Optimization has a long history but it is still developed by many researchers around the world. With the raise of machine learning and large dataset nowaday, optimization is now evoluating as the heart of parameter learning process. Researchers are trying to make it faster and more efficient.

Among all algorithms, Stochastic Gradient Descent(SGD) is considered as a good choice. It does not require a huge memory and each of its step is cheap. However, SGD is fast to converge to its local neighborhood rather than the optimal solution. Stochastic Variance Reduced Gradient(a.k.a SVRG) is a recent research work and could be viewed as a modified version of SGD. This algorithm will converge faster to optimal value by reducing the variance.

The proposed algorithm SVRG is simple and elegent so I try to implement it and compare with SGD. Actually, we can download an implementation of SVRG from author website but it is written in C++ and not easy to match with the paper. For this reason, I try to translate the algorithm from paper to program using Julia ver 0.3. All of my implementation could be found in this link.

First of all, I create a training data of n points:

\[w = [1; 2; 3; 4]\] \[x = r + ra\] \[y = w' * x\]

where \(r \sim U(-50, 50)\) and \(ra \sim \mathcal{N}(0, 1)\). It means r is drawn from uniform distribution from -50 to 50. This task is implemented in file genData.jl.

Secondly, I will minimize the squared loss of training data to get back vector w. Formally, we have

\[P = \frac{1}{n} \sum\_{i=1}^n \phi\_i(w)\]


\[\phi\_i = (w^T * x\_i - y\_i)^2\]

Finally, \(w\_{opt} = argmin\_w P\). The algorithm is in svrg.jl.

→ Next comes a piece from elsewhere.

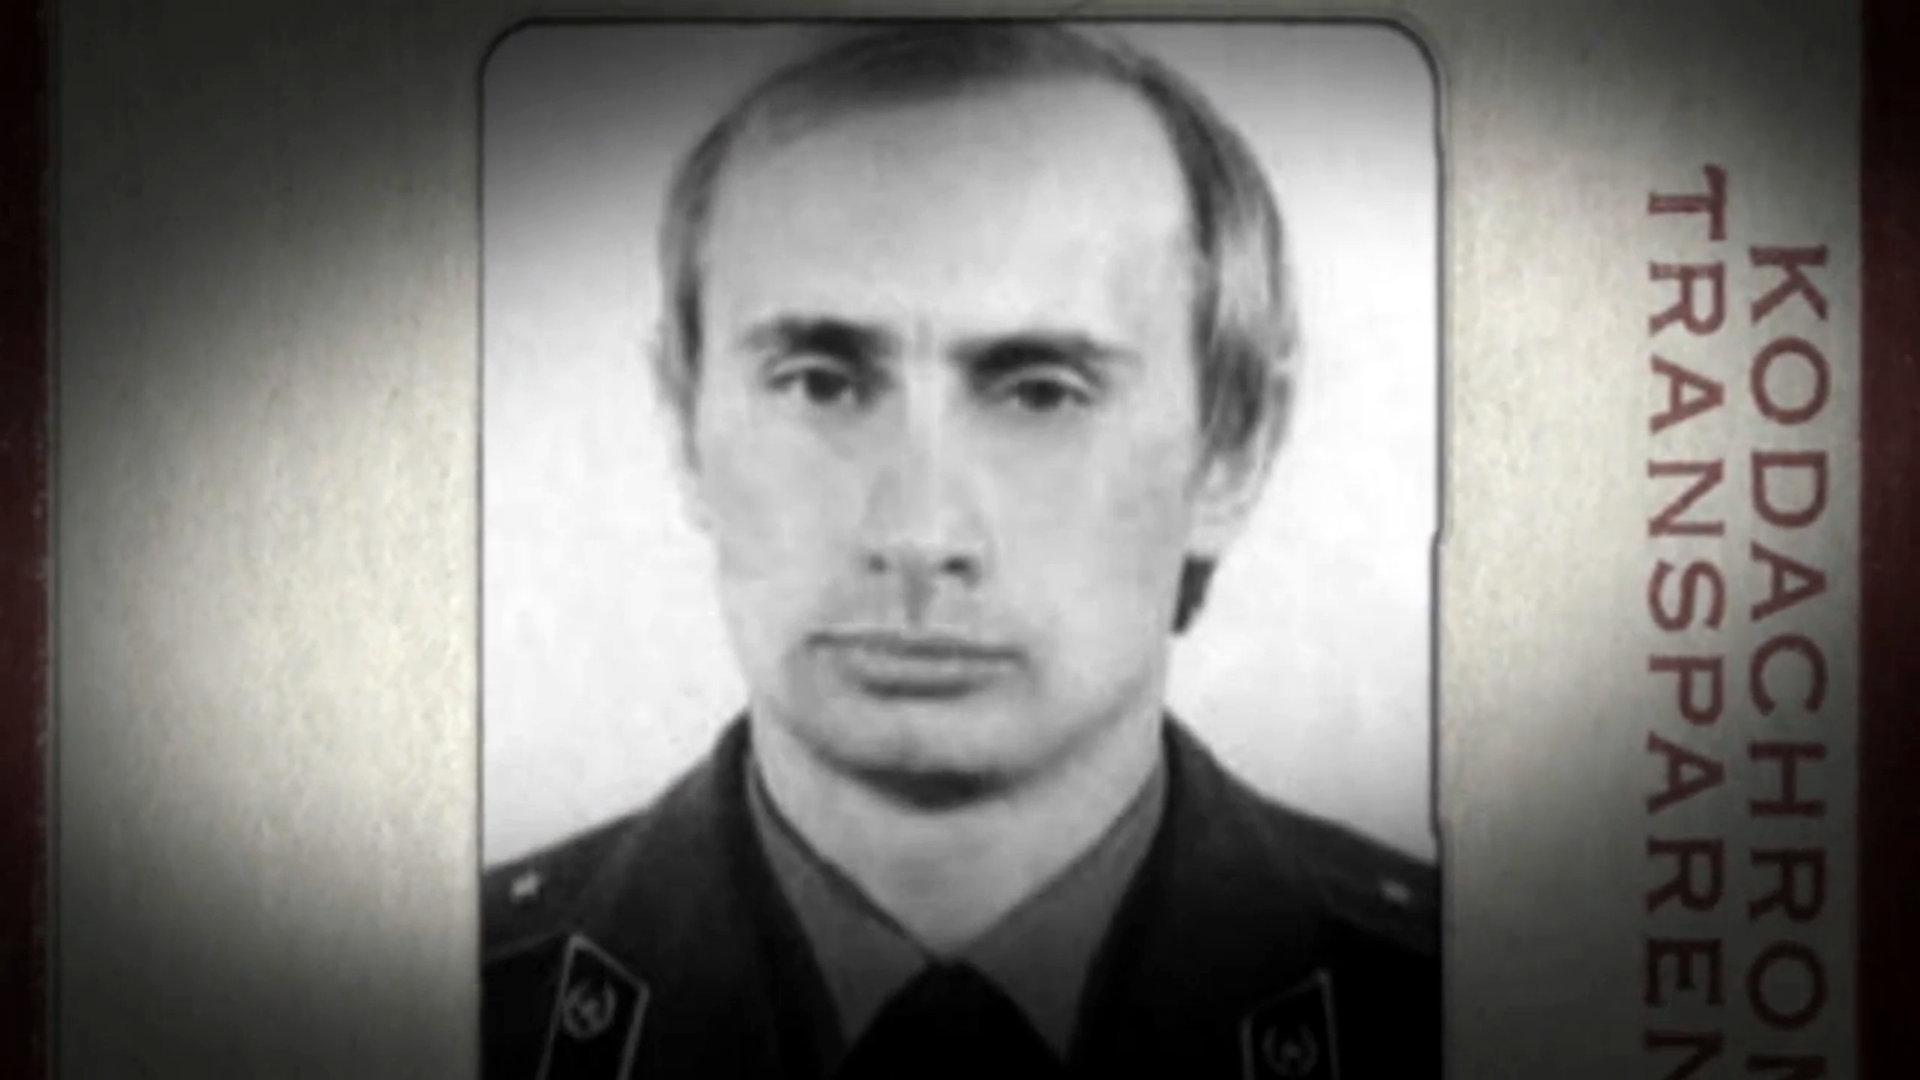 Putyin - frontline3 (putyin)
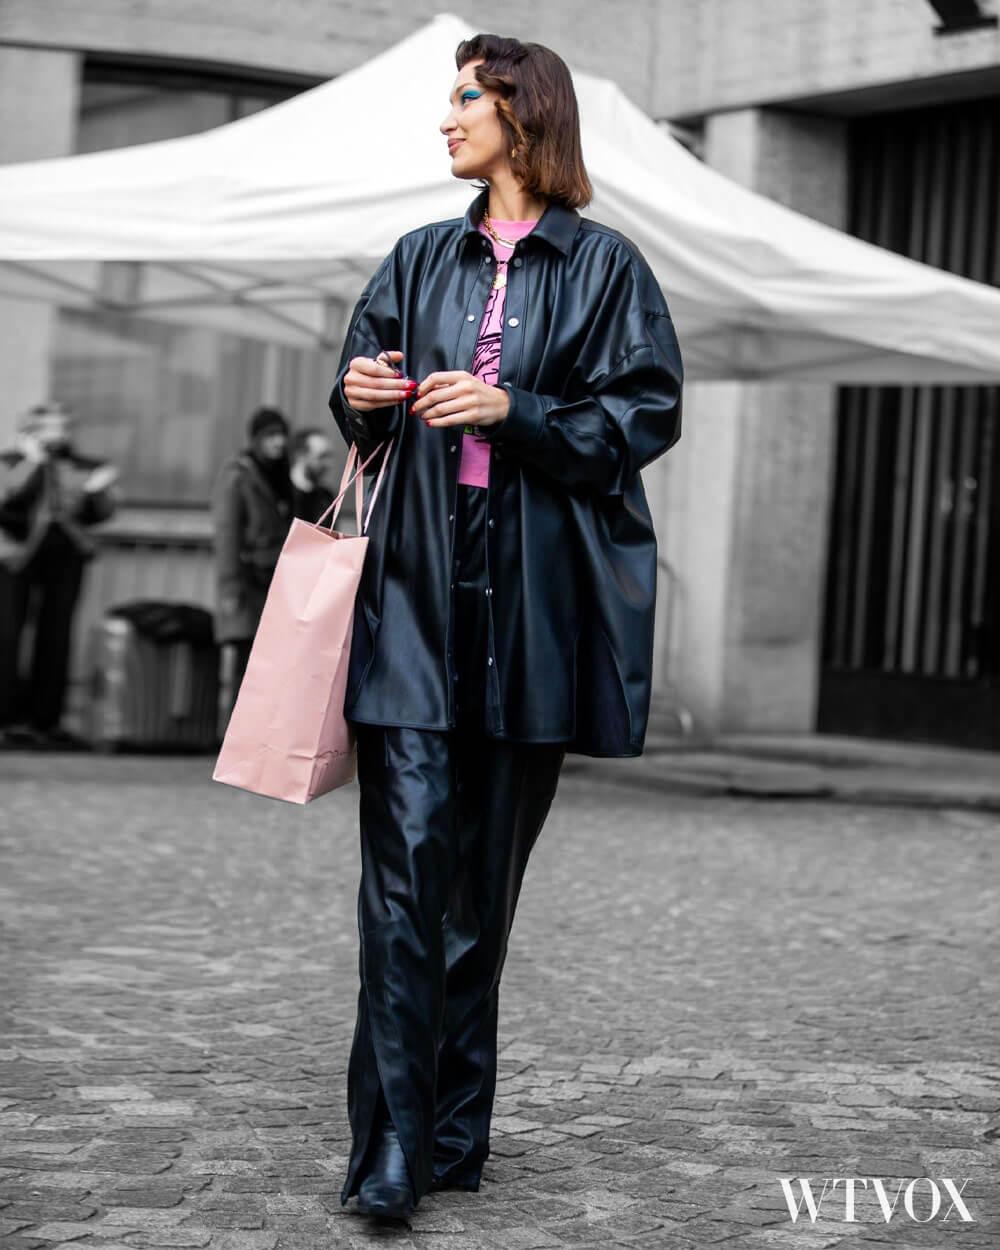 Bella Hadid wearing Rihanna's FENTY vegan leather outfit

In my running, n is selected to be 100 000, update frequency \(m = 2n\), learning rate is 0.0001. To run the code, we could type to terminal

julia main.jl

The output will appear


All the lines are value of objective function per each iteration and the last line is the final \(w\). It is nearly similar to the groundtruth so my implementation is 95% correct :-).

Some thought of SVRG

  • The procedure is easy to understand and implement.
  • The proof is not so hard to follow but we need to be familiar with SGD first.
  • The learning rate of algorithm is still a parameter to tune. In the paper, authors advises us to chose learning rate \(\eta < \frac{1}{L}\) with L is Lipschitz constant. An inappropriate \(\eta\) could create divergence to our program. For example, applying learning rate \(\eta = 0.01\) will make the objective function increase over time. This condition will help SVRG to converge but in practice, finding L is hard.
  • In backtracking SGD, the learning rate must be decreased over time to ensure the convergence. However, SVRG will keep the suitable value of learning rate until the convergence so it could achieve the better result by reducing the variance.